Караван поднимался, а Рацлава, засыпая, невесомо поглаживала свирель. Багрянец на молочной кости: углубления ритуальных узоров до сих пор были заполнены кровью. Нить, которую девушка вырвала из Скали, еще тонко шептала в воздухе.

ТОПОР СО СТОЛА III

За бортом перекатывалось зеленовато-серое море. У горизонта холмы его волн касались мутного неба, по которому плыли и плыли облака: так сменялись дни. Со дна поднимались скалы, похожие на окаменевшие останки древних чудовищ.

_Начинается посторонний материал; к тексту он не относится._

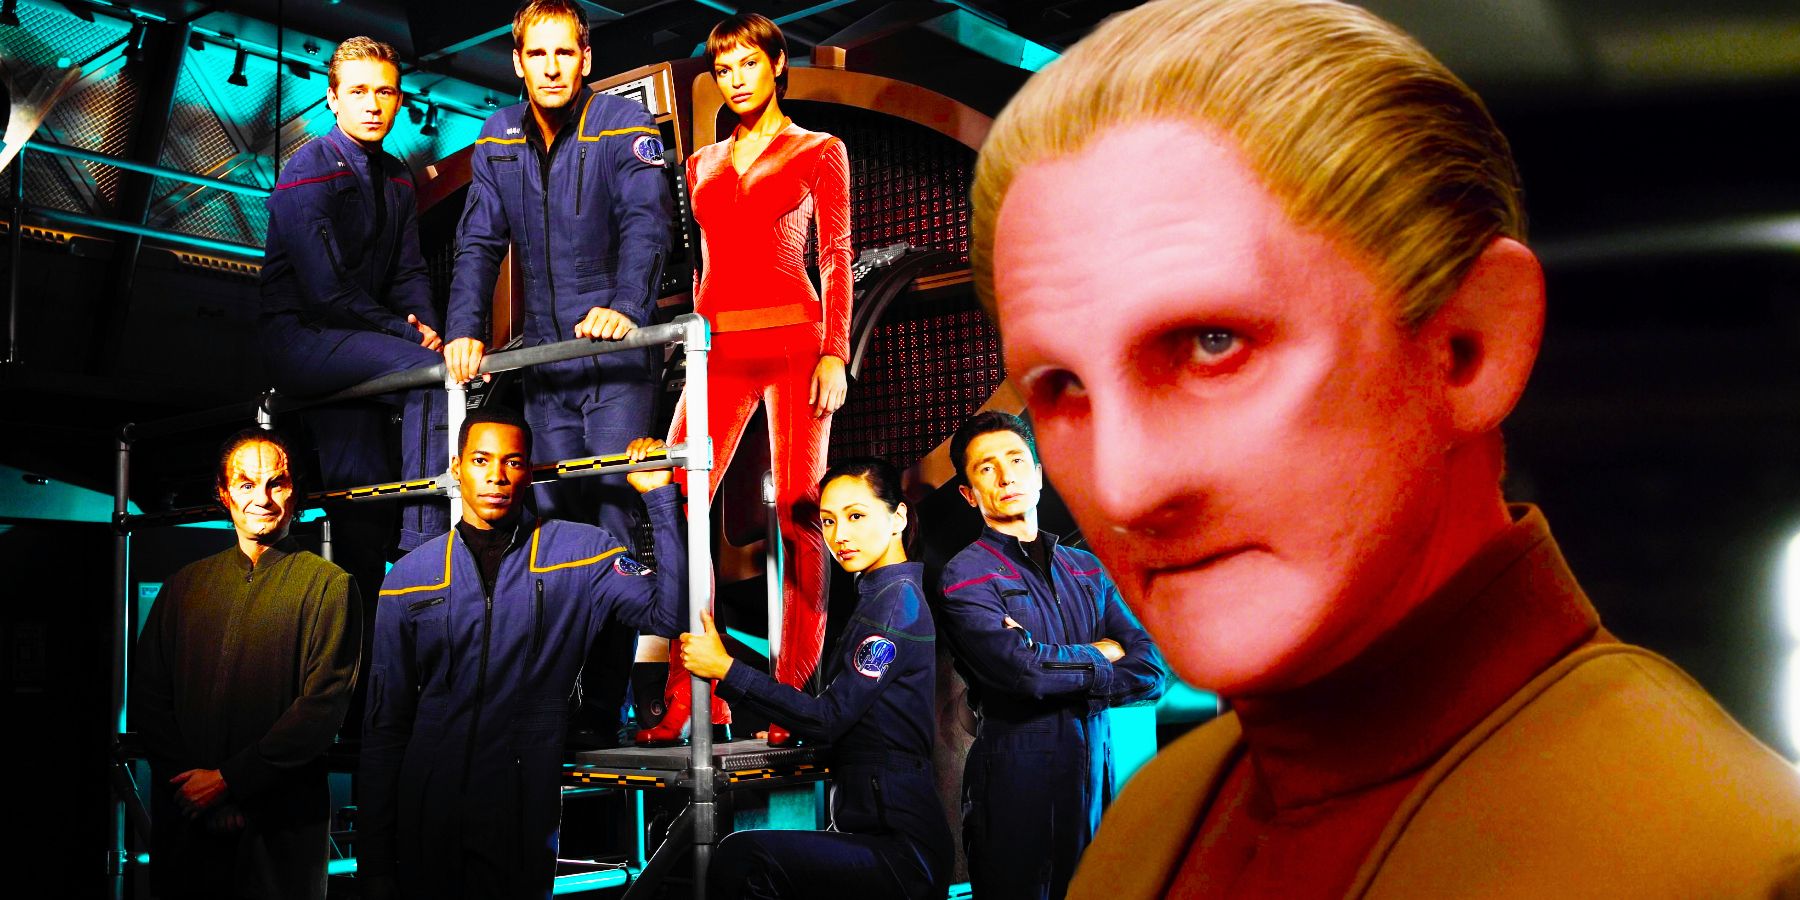 Rene Auberjonois as Odo in Star Trek: DS9 and the cast of Star Trek: Enterprise
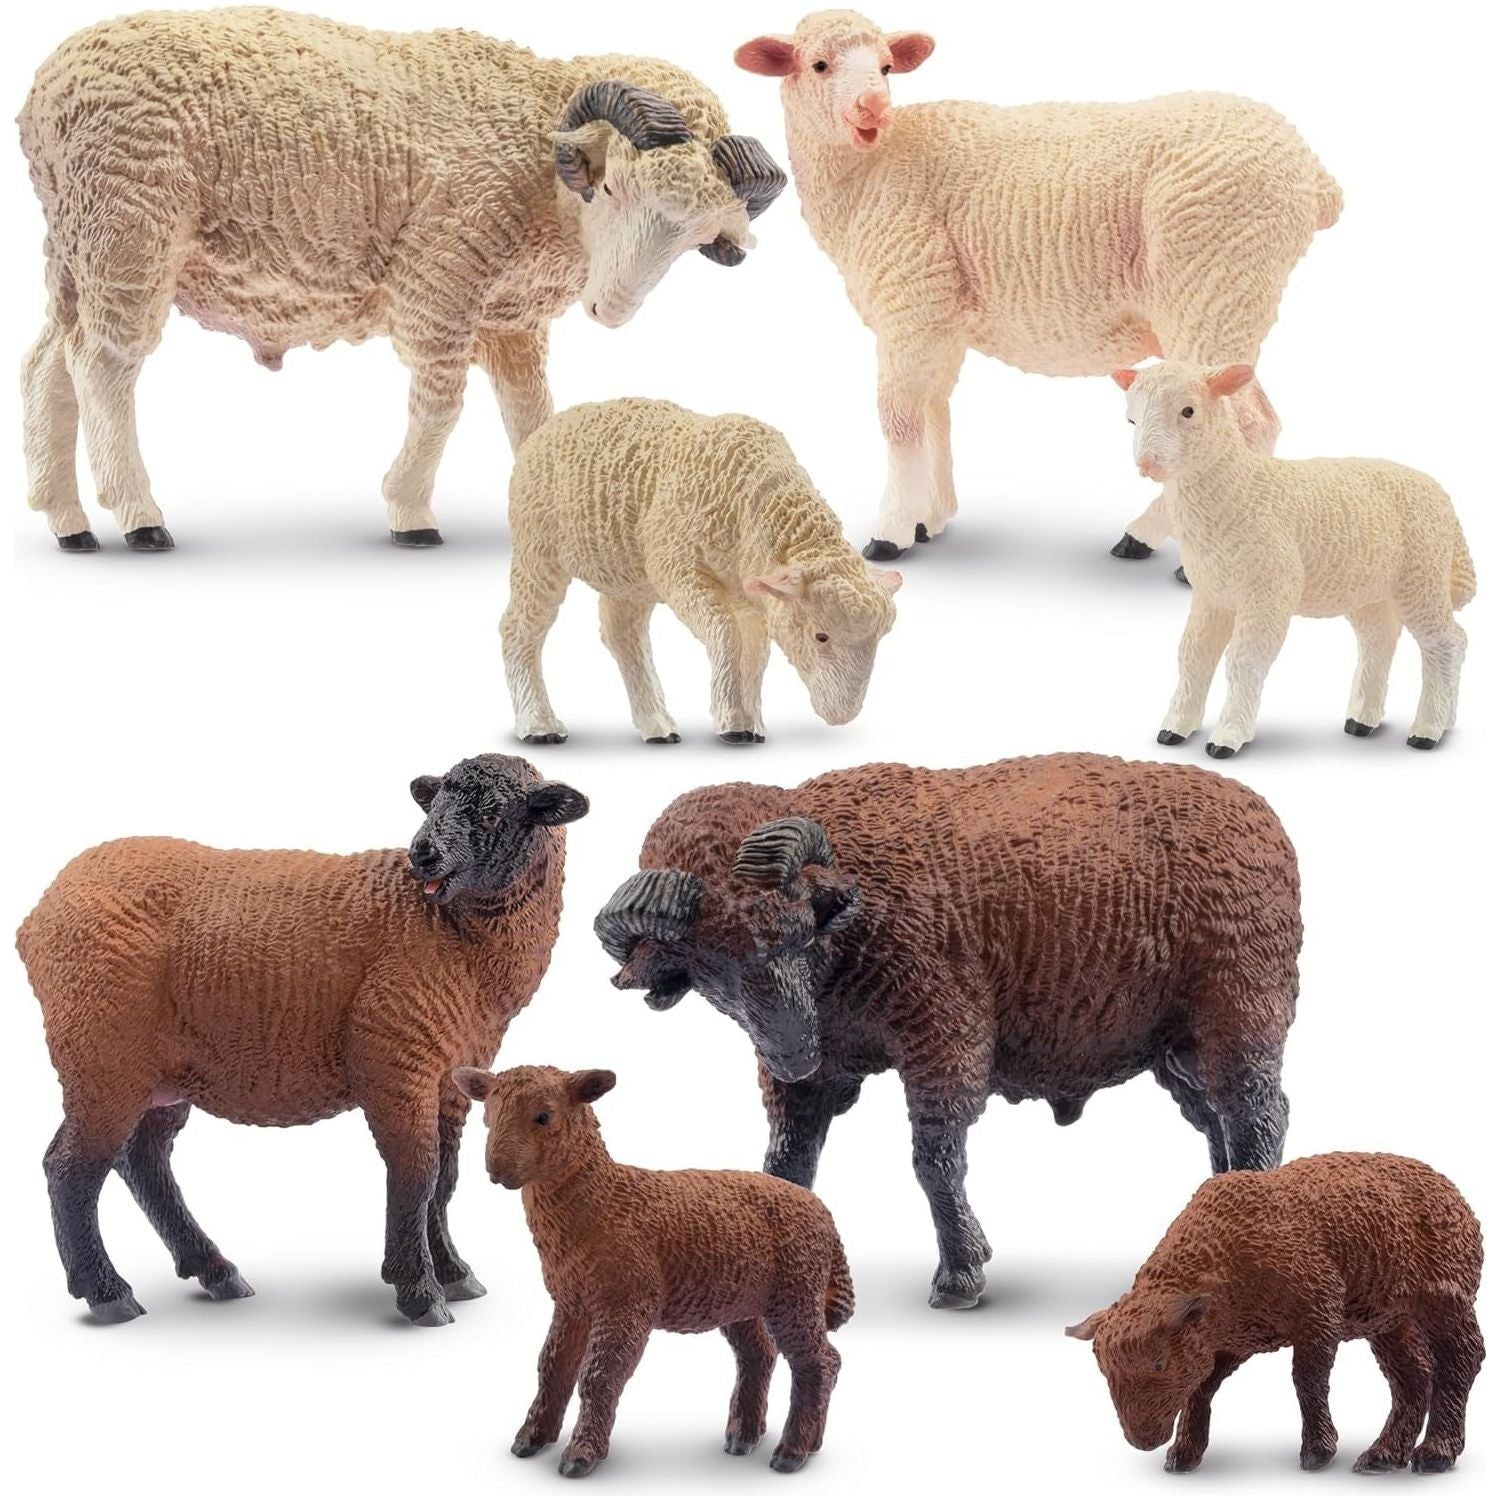 Sheep Family Animal Figures

Корабль проходил мимо огромных зубастых голов, и раскрошенных лап, и отвердевших кож, которые могли бы сбрасывать с себя твари пучин. Море урчало, и вода точила ноздреватую породу.

Они давно сбились с курса. Никому, даже старому кормчему Ежи, не доводилось бывать так далеко на севере. Ночами Хортим Горбович и его дружина не видели звезд — лишь туман, прилипающий к небосводу. Казалось, здесь их путало даже солнце: долго не выглядывало, прячась за облаками и пеленой снега. Скалы-чудовища восставали, будто стены исполинского лабиринта. Воды, лениво шипя, несли корабль — куда? Едва ли на юг. Ежи ждал, когда прояснится небо, но Хортим знал, что они не могли ждать слишком долго. Инжука умирал.

Тукер лежал на сдвинутых сундуках на палубе. Шторм подорвал его: щеки впали, глаза ввалились, а кожа натянулась на кости, будто желтоватая бумага. Инжука ничего не ел — внутри с трудом удерживалась даже вода. Его трясло то от жара, то от холода, лоб пылал, а на губах оставался грязный налет. Хортим надеялся, что его еще можно было спасти, — Соколья дюжина отогревала Инжуку своими одеждами, накрывала от снега и ветра, но тот продолжал таять. Тоскливо и глухо хлопал парус над его неказистым ложем. И Хортим был в отчаянии.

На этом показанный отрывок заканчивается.